- Born: Helen Goldsmid 10 August 1835
- Died: 3 January 1918 (aged 82) Sunninghill, England, United Kingdom of Great Britain and Ireland
- Known for: Philanthropy
- Spouse: Lionel Lucas

= Helen Lucas (philanthropist) =

British philanthropist and social worker (1835–1918)

Helen Lucas born Helen Goldsmid (10 August 1835 – 3 January 1918) was a British philanthropist and social worker.

==Life==
Lucas was born in 1835. Her parents were Caroline (born Samuel) and Frederick Goldsmid and she was the first of their nine children. Her Jewish family taught her Hebrew when she was a child. She married Lionel Lucas in 1855 and by 1862 she was a widow with two children and an inheritance.

From 1880 she took up a position within the Jewish Board of Guardians that provided relief to the Jewish poor. She was the President of the ladies conjoint visiting committee. The JBG were very keen on visiting applicants for their aid to ensure that their resources were well spent. In addition she assisted in the adult workroom. By 1896 she was the President of the workrooms where girls would be taught how to embroider and other types of needlework so that they would become employable.
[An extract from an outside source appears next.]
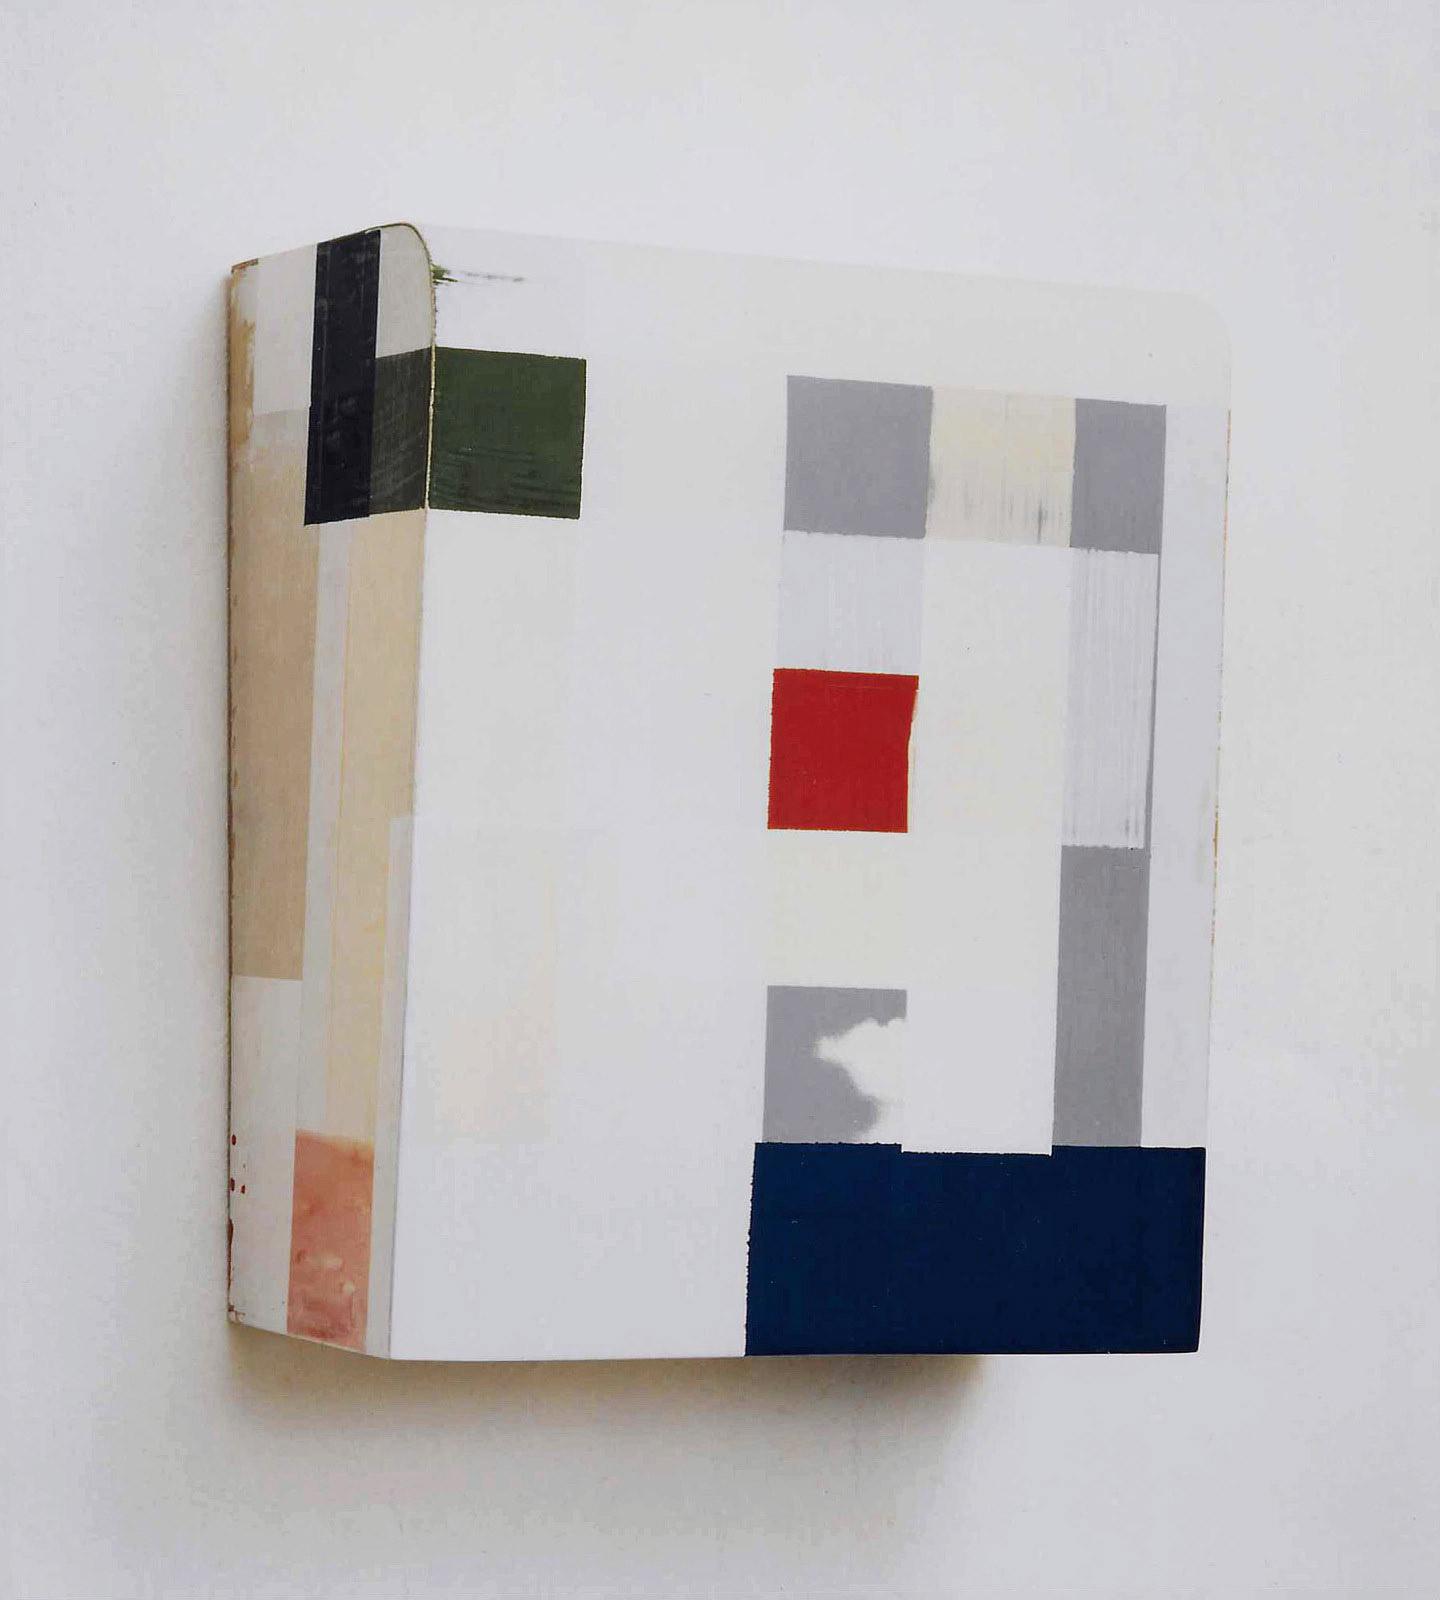 """Kunst ist kostbar II"", 43x33x21 cm, Acrylfarbe, Holz, 1994"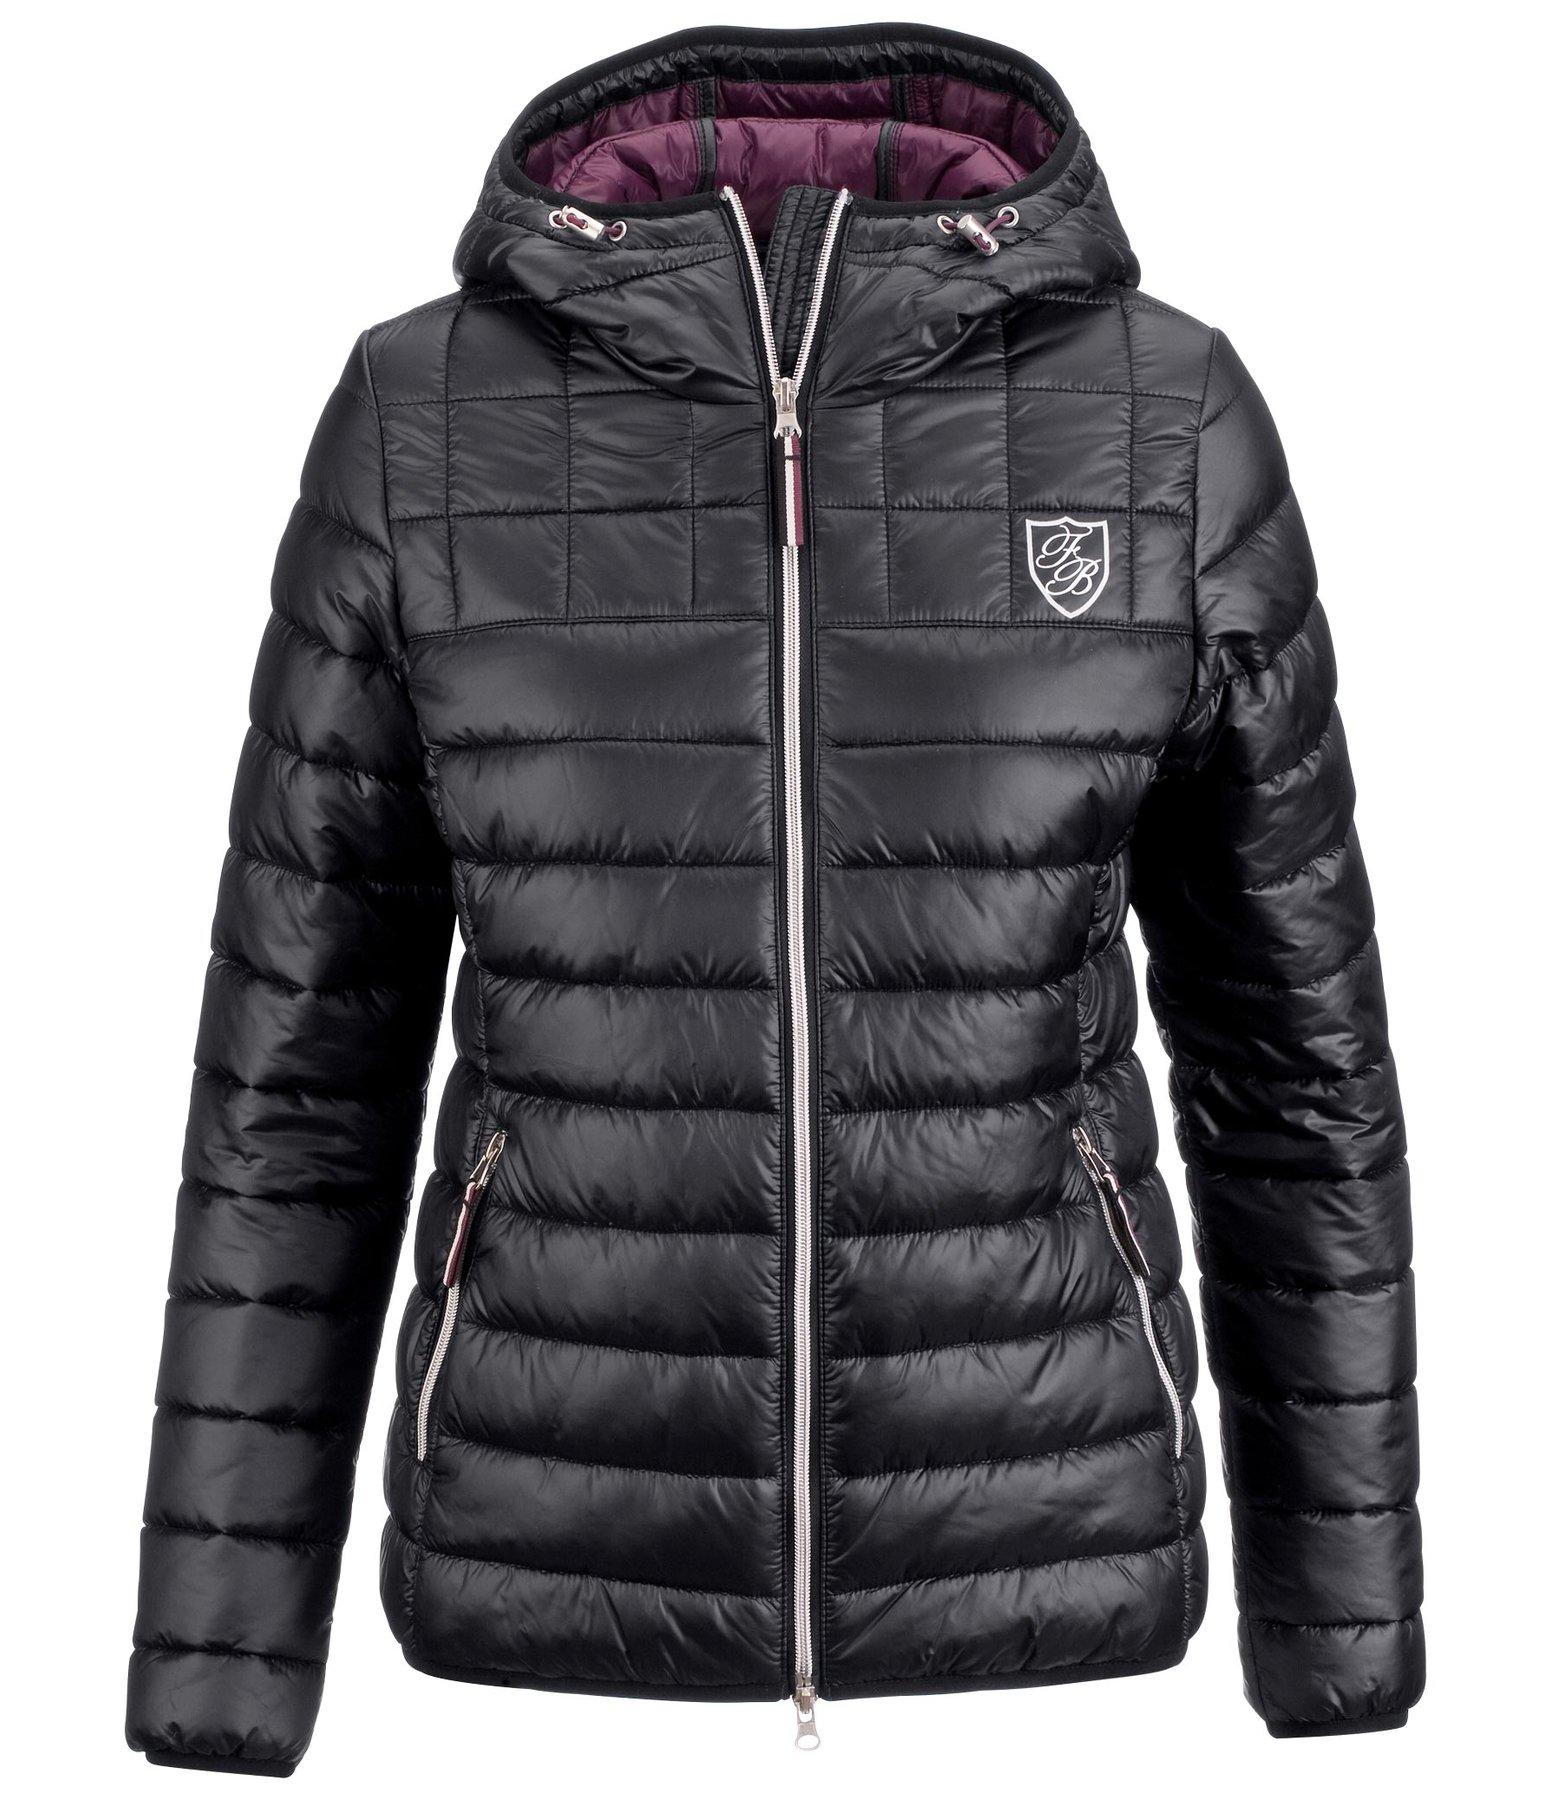 s attire quilted country penton designer men jacket jackets indigo mens quilt barbour

In 1885, she and Louisa de Rothschild jointly paid for the cost of a nurse to work among the poor who were Jewish. Lucas would pay for two more in 1891 and 1892 and they would use a traditional common sense approach to the help and sympathy they offered. Lucas believed that relief workers should give little priority to statistics or paperwork. She argued that relief workers should supply assistance and sympathy first and other questions could be answered later.

The Goldsmid family had been one of the founding families of the West London Synagogue in 1840 that created a new approach to worship. Helen was there when the new synagogue was opened and she was a voice resisting further change. She had to contend with some change but she threatened to leave if services were delivered in English as she was a great supporter of Hebrew.

She was involved with the Jewish Religious Education Board and with the running of the Jews' Free School in London serving on the ladies' committee. She had strong views on the education of girls arguing that cooking was important and that girls who were tidy would be better wives. She thought girls should not wear lace or white schools but should take part in drill and lessons in Hebrew.

Lucas died in Sunninghill in Berkshire in 1918.